A Versailles, une enquête a été ouverte après des collages ciblant Gérald Darmanin et un député Renaissance des Yvelines.

Un collage dans la nuit du 7 juillet 2020, au lendemain de la nomination de Gérald Darmanin au ministère de l'Intérieur, alors qu'il était accusé de viol. (Samuel Boivin/NurPhoto via AFP)
Publié le 17/09/2025 à 19h29

Laura (1) est une jeune militante La France insoumise, qui œuvre également au sein du collectif féministe Nous Toutes, à Versailles. Mardi 9 septembre, elle rentre chez elle après le travail, vers 15 heures. Et constate, surprise, la présence de quatre policiers sur le parking. «J’ai cru qu’il s’était passé quelque chose de grave dans ma résidence ; en fait ils venaient pour moi» explique-t-elle auprès de CheckNews.

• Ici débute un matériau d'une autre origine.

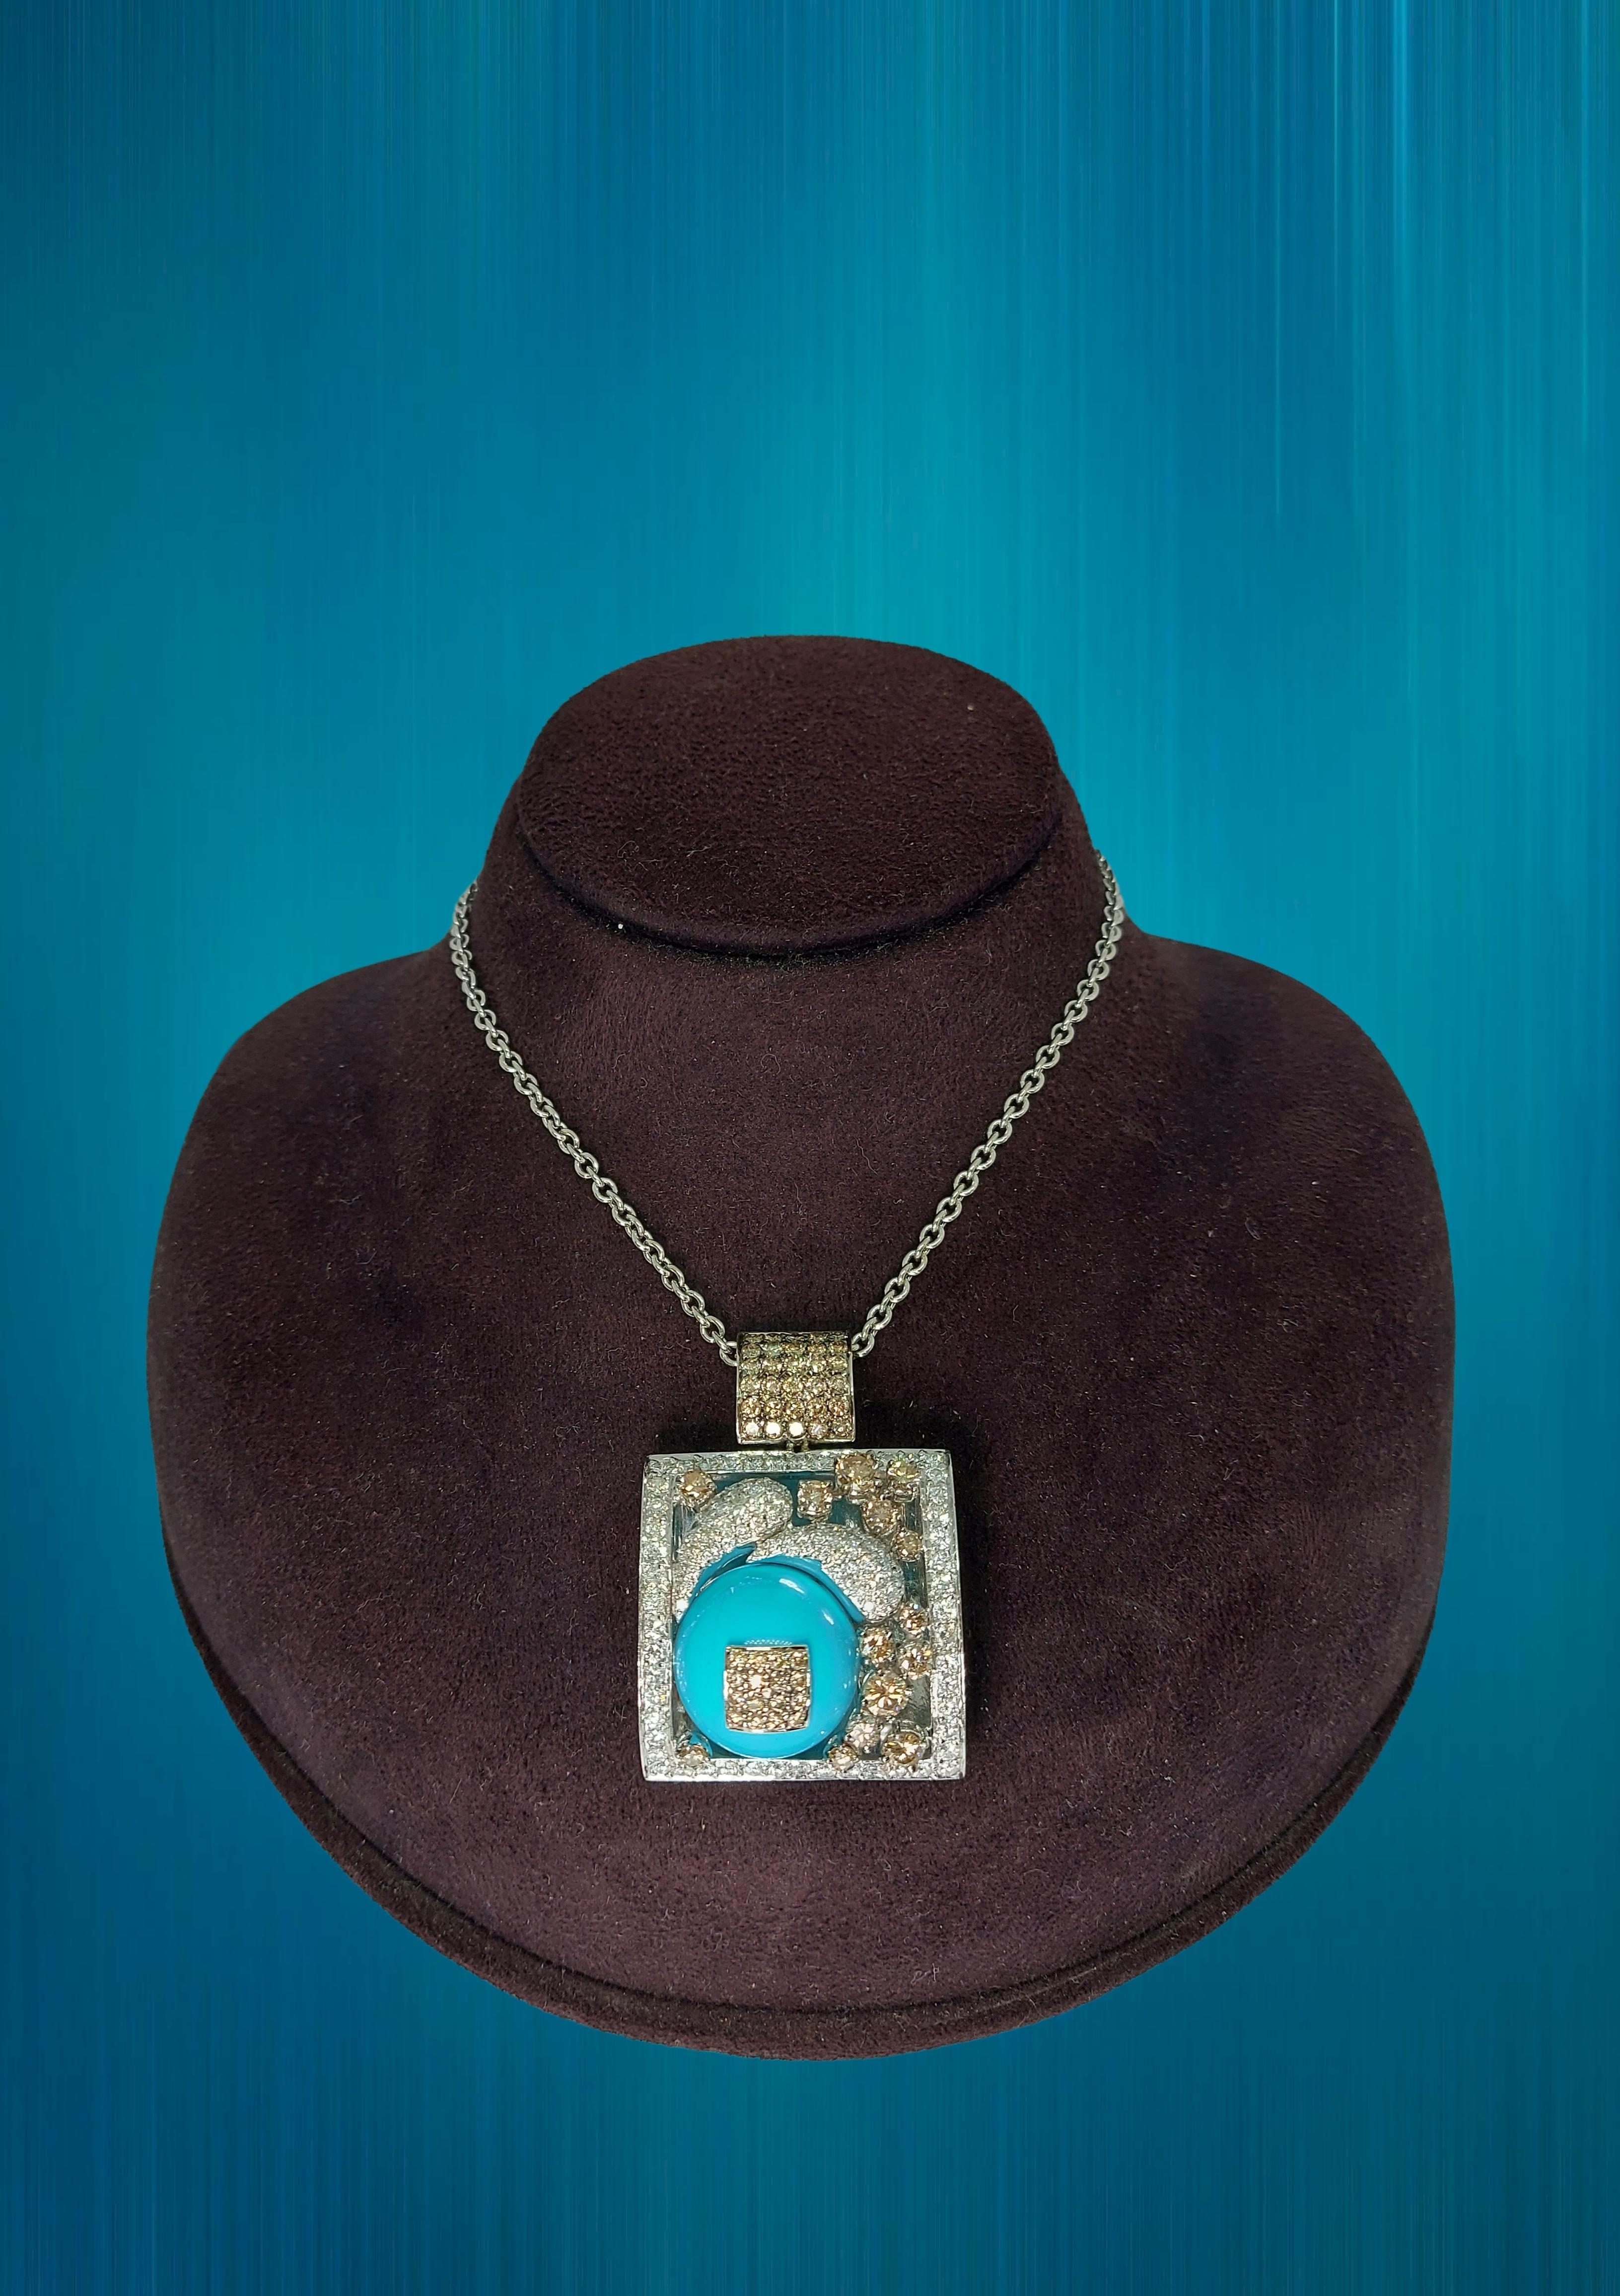 Stunning 18kt White Gold Pendant / Necklace with Turquoise and Diamonds 12

Laura est alors avertie de l’ouverture d’une enquête en flagrance pour des faits d’outrage à personne dépositaire de l’autorité publique. Dans ce cadre, sa voiture a été identifiée, la veille au soir, sur des images de vidéo surveillance lors d’une opération de collages féministes. Sur les affiches : des slogans visant le garde des Sceaux démissionnaire, Gérald Darmanin, (sur une affaire de viol le concernant qui a depuis bénéficié d’un non-lieu) ainsi que Charles Rodwell, député Renaissance des Yvelines et conseiller municipal de Versailles.

Perquisition

Laura détaille : «J’ai prêté ma voiture à des copains militants le lundi soir. Je savais qu’ils allaient faire une session de collages. Mais moi, je n’y étais pas. J’étais chez moi toute la soirée et toute la nuit, seule avec mon fils de 4 ans.» Auprès de CheckNews, une amie proche à qui elle a échangé au téléphone dans la soirée, depuis son domicile, corrobore les faits. «Nous discutions de la rentrée chacune chez soi dans notre salon, vers 21 heures, son fils était couché.»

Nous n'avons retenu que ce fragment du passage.